Law-enforcement officers are aware of the need to strike a balance between prudence in surveillance and overreach: “Because the objective justification for such decisions is often so difficult to identify, police officers and domestic intelligence agents are calling for clear guidelines on how classifications are to be made and what measures follow from those classifications. ‘We urgently need a nationwide approach,’ says a source at the Office for the Protection of the Constitution. ‘Otherwise nobody has a clue’” (“Targeting Terrorists: Germany’s Dilemma in Dealing with Islamist Threats,” Der Spiegel, March 23, 2017).

Germany’s experiences are not unique.
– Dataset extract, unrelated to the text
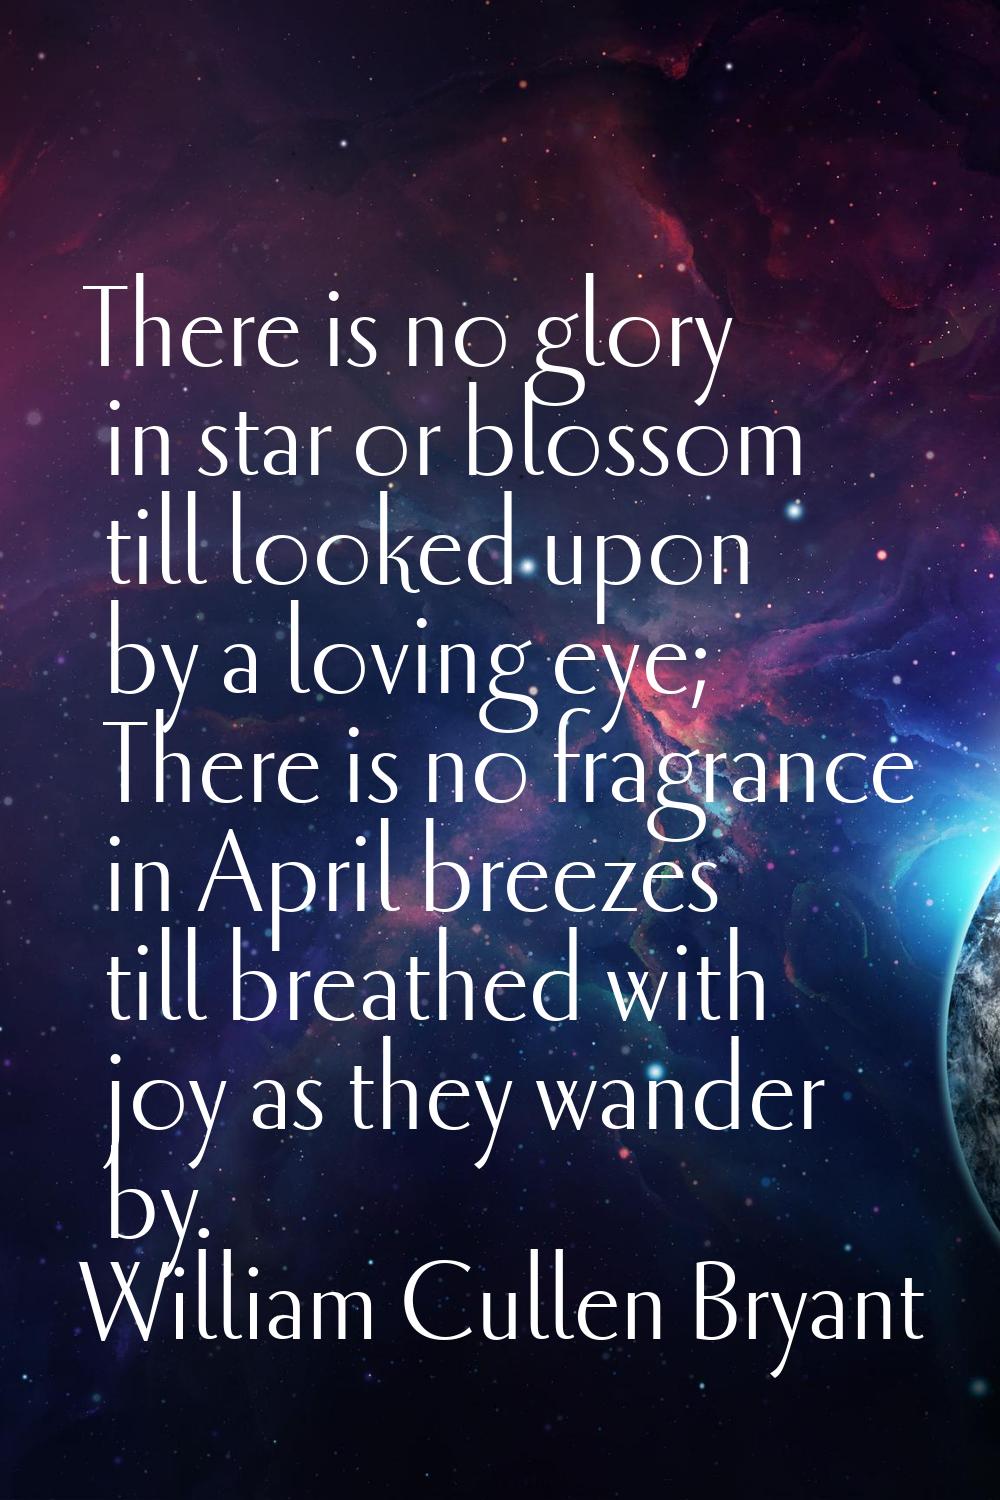 There is no glory in star or blossom till looked upon by a loving eye; There is no fragrance in Apr

The rest of the European Union, the United Kingdom and the United States all struggle with tracking, classifying and surveilling individuals suspected of extremist ties or behavior.

We may not see intricately planned, large-scale terror attacks like that of Sept. 11, 2001, but the newer brand of low-tech, impromptu attacks involving knives, vehicles and improvised weaponry in crowded urban spaces may prove to be even more effective at spreading fear and disrupting everyday life in the West.

“The potential threats of today, it seems, are not generally college-educated attackers like the 9/11 perpetrators in Mohammed Atta’s circle, who spent years planning the attacks on New York and Washington. For today’s IS- [or ISIS-] inspired attackers, a driver’s license, a knife or an ax are sufficient” (ibid.). As citizens demand protection, law-enforcement and intelligence agencies will need to adopt new methods to challenge the ever-changing face of terror. (Source: Der Spiegel.)